VIM Airlines
| IATA | ICAO | Call sign |
| NN | MOV | MOV AIR |
- Founded: 2000
- Ceased operations: 16 October 2017
- Hubs: Domodedovo International Airport; Vnukovo International Airport;
- Fleet size: 28
- Destinations: 50
- Headquarters: Moscow, Russia
- Key people: Alexander Kochnev (Director General); Rashid Mursekaev (President, owner);
- Website: vim-avia.com

= VIM Airlines =

Russian airline (2000–2017)

VIM Airlines (legally VIM Avia) was a Russian charter airline headquartered in Moscow based at Domodedovo International Airport. It offered international scheduled and charter operations for both passengers and cargo as well as wet lease services.
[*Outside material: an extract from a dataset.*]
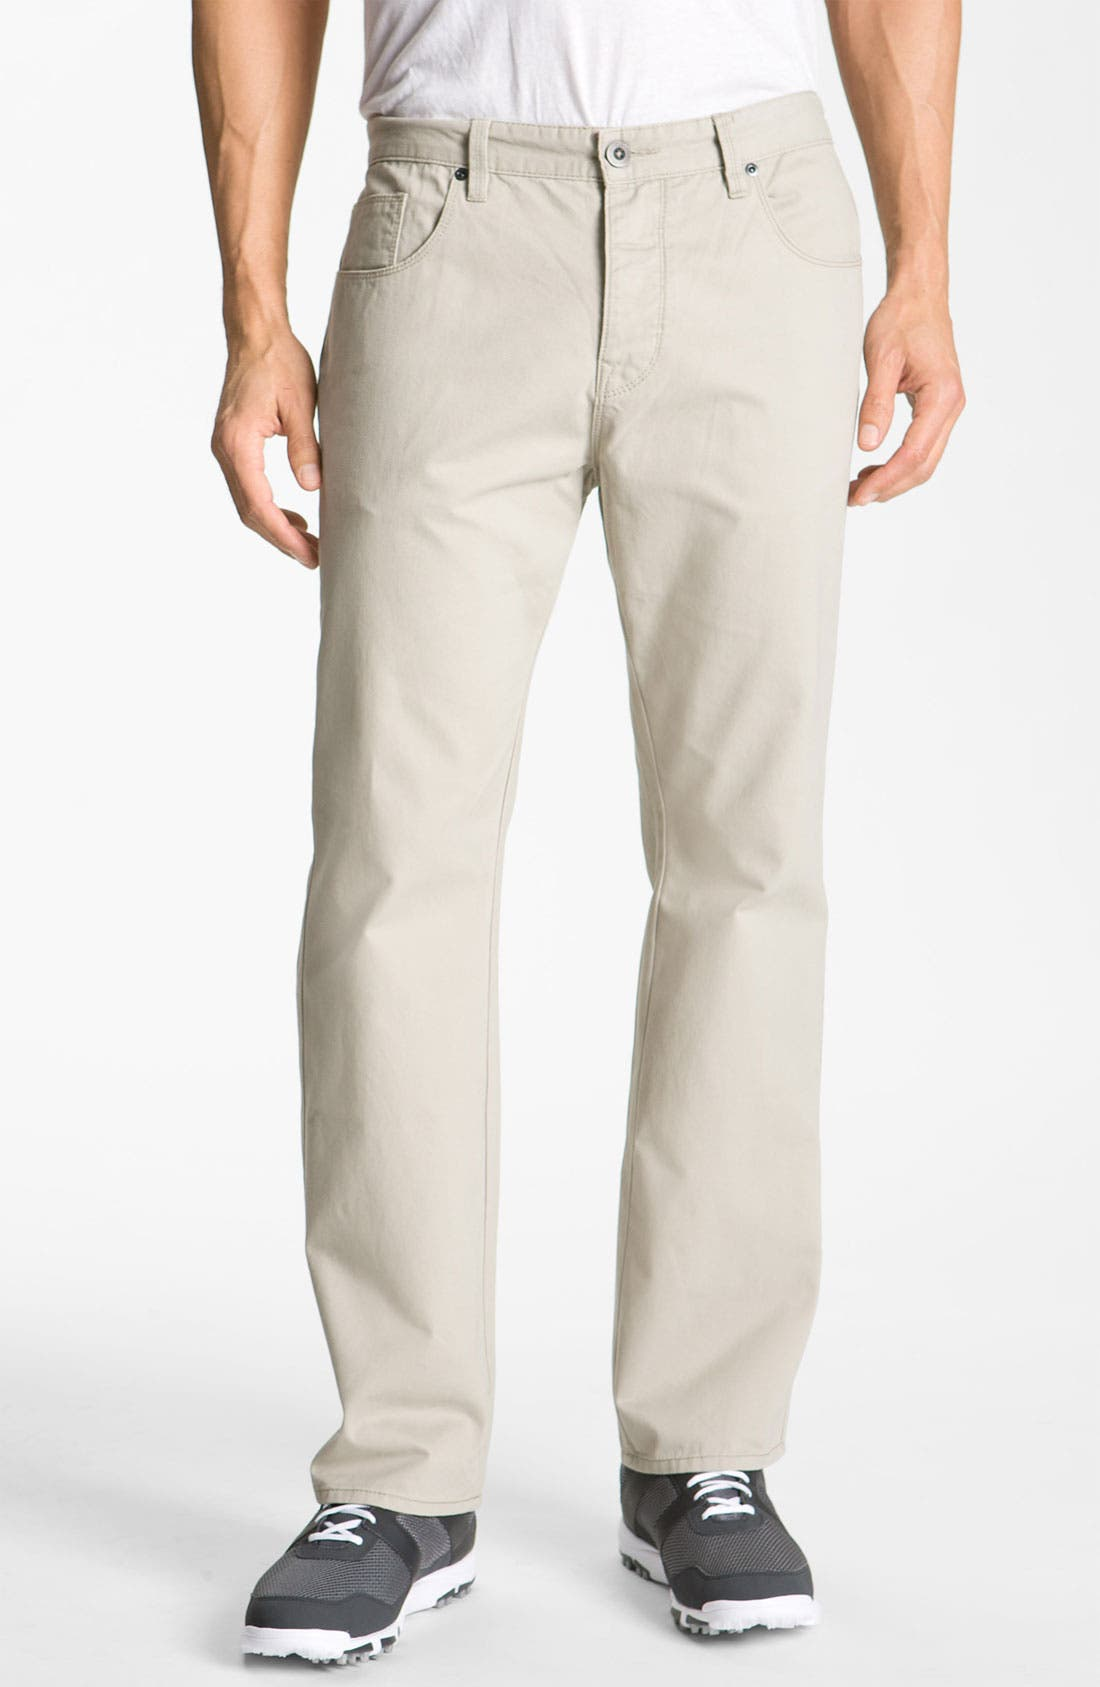 Main Image - Cutter & Buck 'Pike' Five-Pocket Pants (Big & Tall)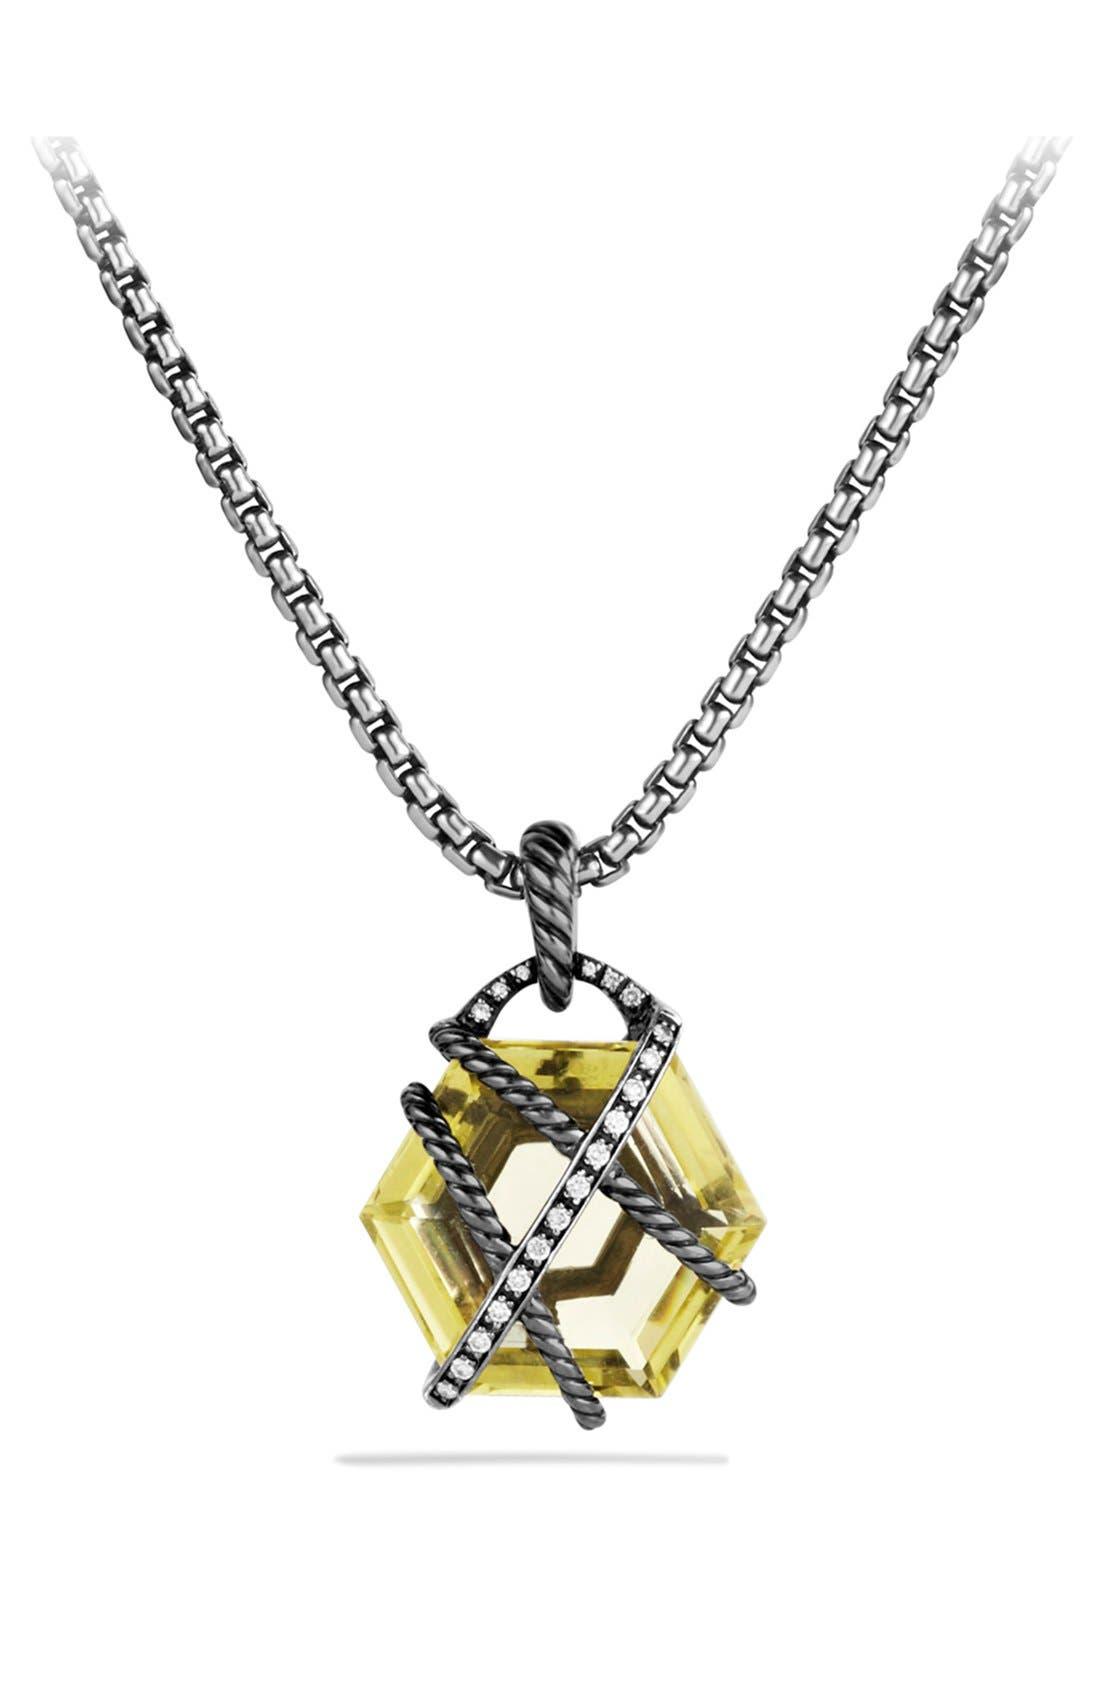 Alternate Image 1 Selected - David Yurman 'Cable Wrap' Pendant with Lemon Citrine and Diamonds

Its licence was revoked by 4 November 2017 after its operations were suspended a few weeks earlier.

==History==
VIM Airlines was established by Viktor Ivanovich Merkulov (hence the name of the company) and started operations in 2000, with an Ilyushin Il-62M. At the end of 2004, the company acquired Chitaavia and Aerobratsk, followed by Russian Sky Airlines in 2005.

On 28 September 2017, CEO Alexander Cochnev and Chief Accountant Yekaterina Panteleyeva were arrested after an embezzlement case against the employers of the company.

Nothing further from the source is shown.